Fresh insight into lending landscape

by Madison Utley17 Jan 2020

New insight into the state of the housing market and the current lending landscape as a whole has been provided by recent data from the Australian Bureau of Statistics (ABS). 

The value of new home loan commitments rose in November 2019, up 1.8% seasonally adjusted, with new owner occupier loans recording the sixth straight month of growth.

Interestingly, the lift in value of new investment lending for November outstripped that of owner occupied, with 2.2% growth compared to 1.6%.

According to Canstar group executive of financial services, Steve Mickenbecker, these figures confirm the housing market is recovering and that it does seem as if investors are actually returning to the market. 

First home buyers (FHB)

The ABS data revealed a decline in the number of loan commitments to FHBs throughout the month of November, despite the value of loans to the market section being up 2.1% over the month and almost 20% year on year.

“First home buyers are now accounting for 29.7% of new housing commitments for owner occupiers, well above levels of recent years," said Mickenbecker. 

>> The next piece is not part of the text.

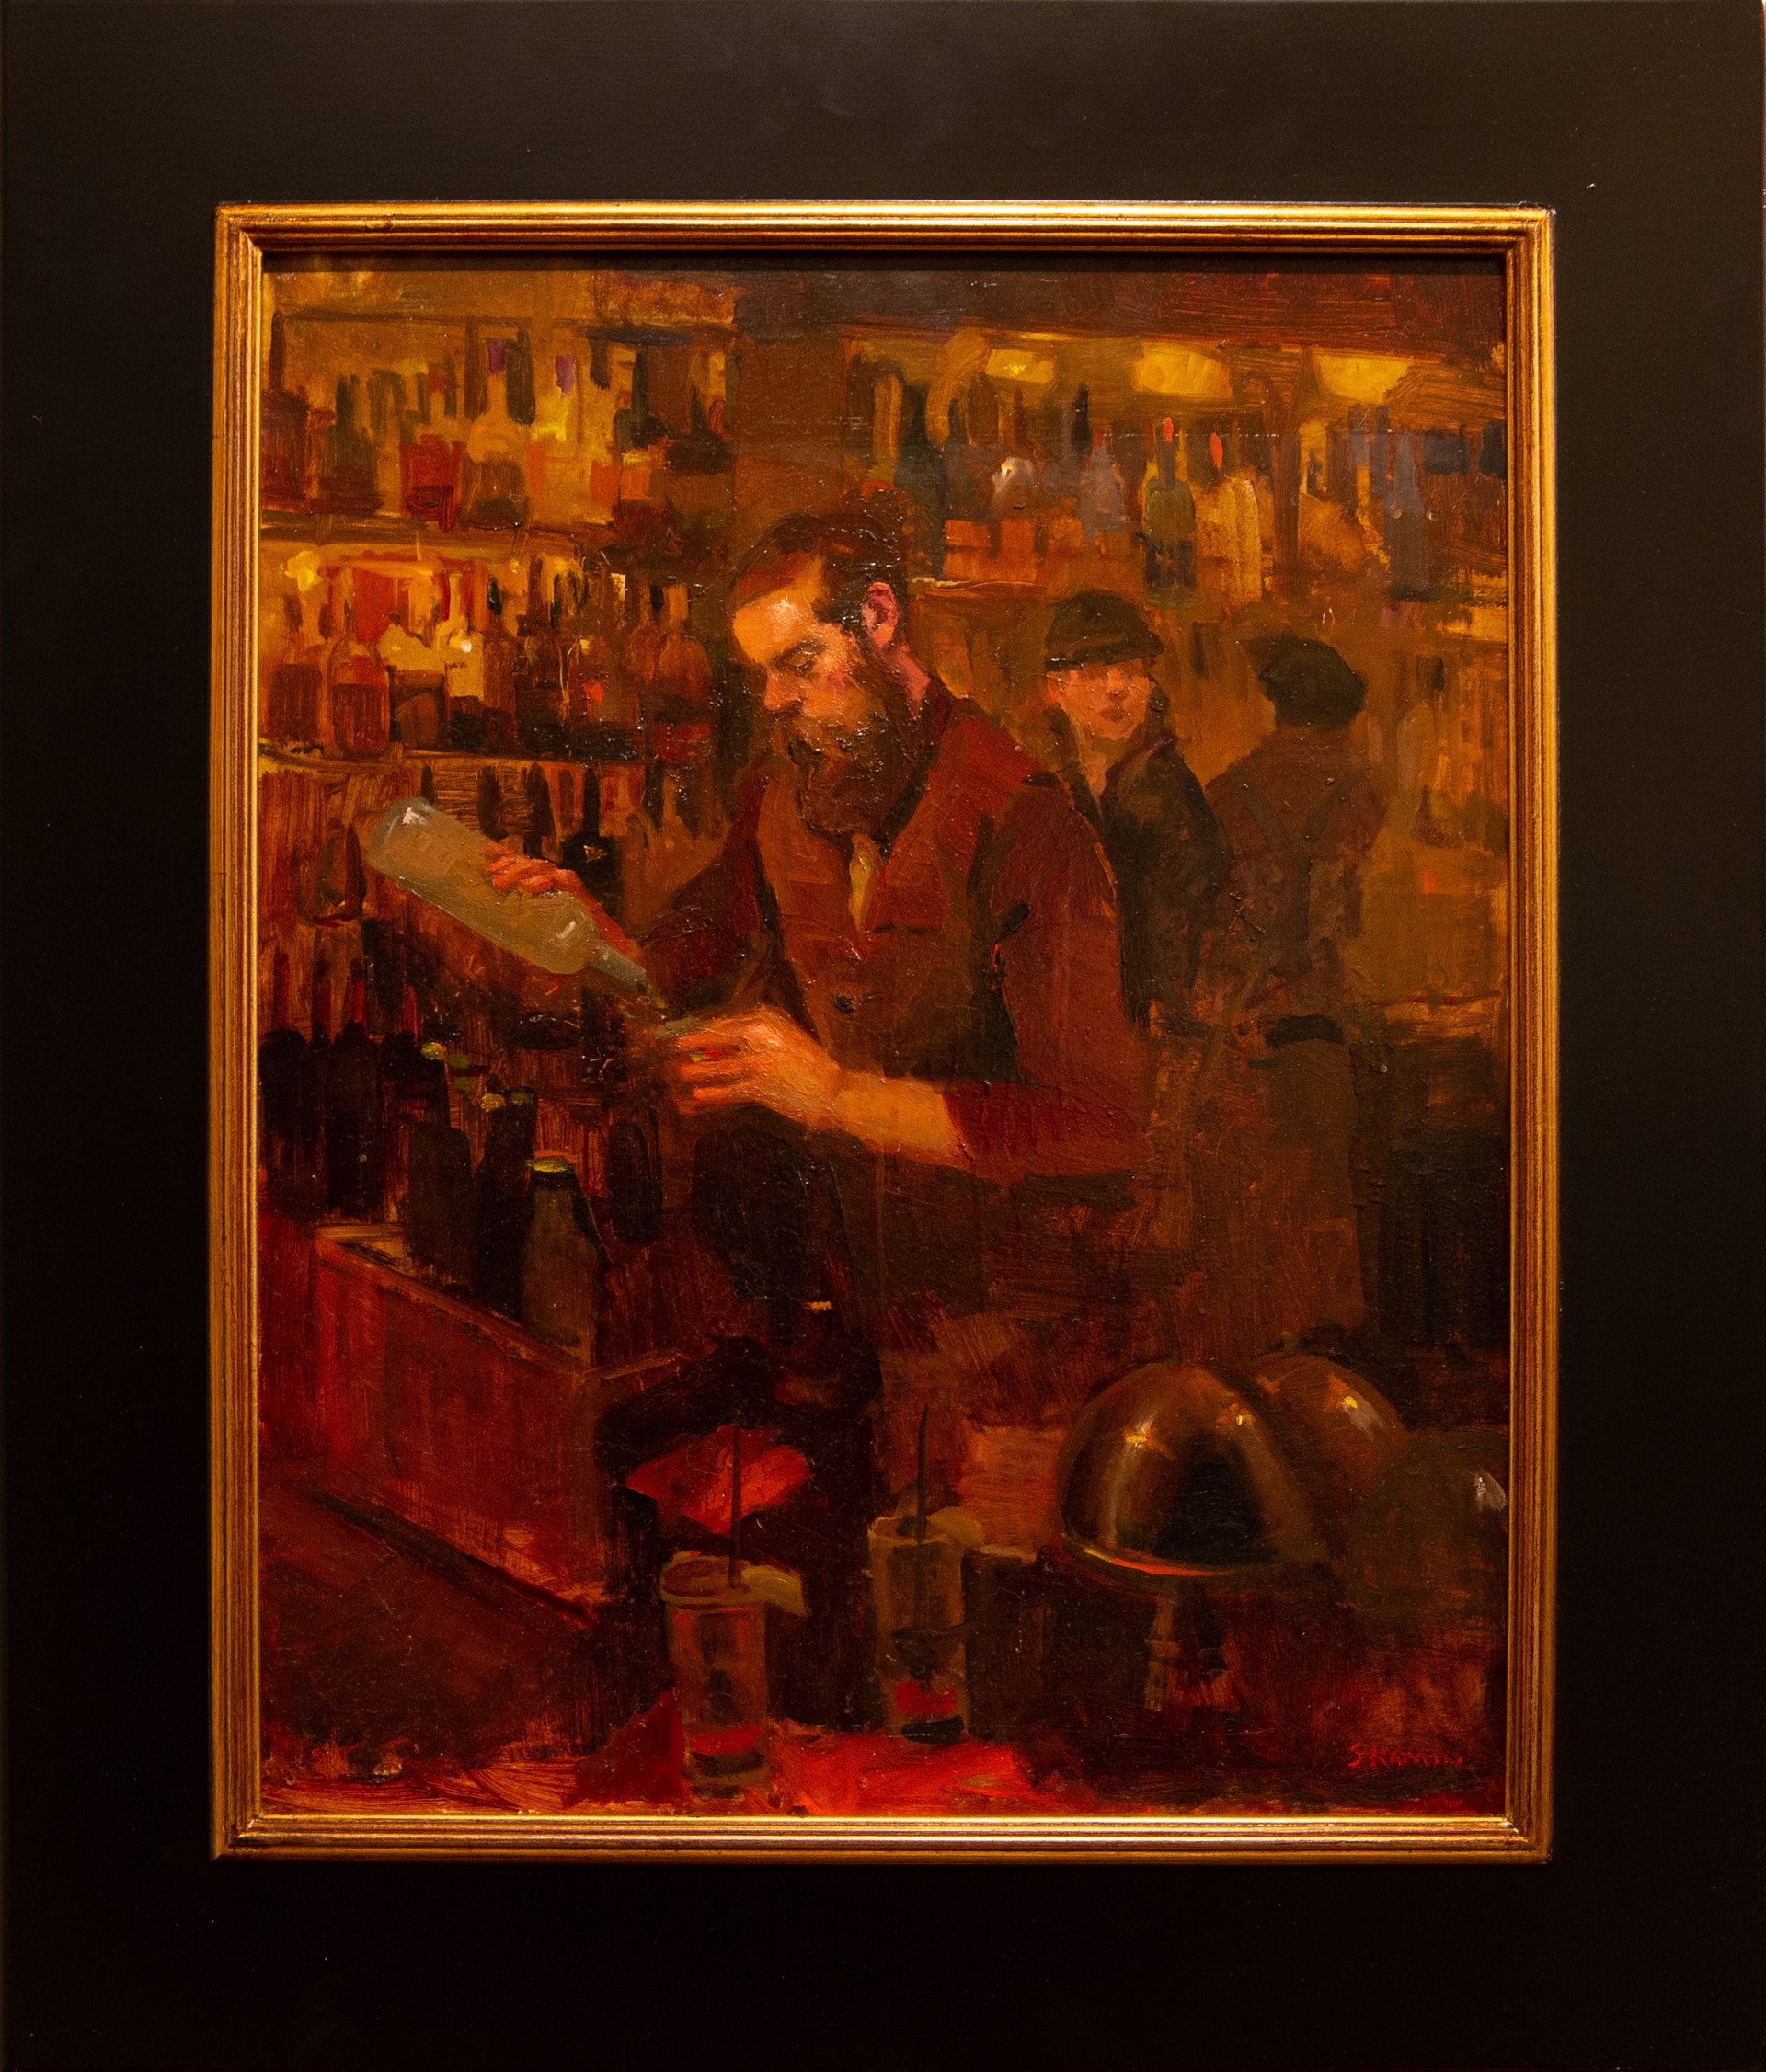 Bartender by Stacy Kamin

“The 0.9% decline for the month in first home loan numbers might suggest a postponement of purchase plans as new buyers awaited the introduction of the First Home Loan Deposit Scheme."

Mickenbecker suggested the recent recovery in house prices in Sydney and Melbourne might put the brakes on FHB activity in the market. This may be further compounded by the limited scope of the government's scheme

“The number of first home loan borrowers has been hovering around 10,000 a month for quite some time, also the limit in the number of borrowers to be assisted by the First Home Loan Deposit Scheme," he said. 

"The restriction in the number of participating lenders might slow demand somewhat, but is difficult to see supply persisting through to the mid year mark."

Lenders

The ABS data also revealed a decline in the big four's command of the market for new home loans. 

“The major bank share of new lending has declined for the month, with non-ADIs also down," said Mickenbecker. 

“The majors’ loss of share has been most marked in the investment market, where perhaps relatively tighter credit standards have held them back. Contrast the other ADIs that have outperformed in investment lending.”

The data showed that it was second tier banks and other ADIs that are picking up share, marking the area to watch into 2020.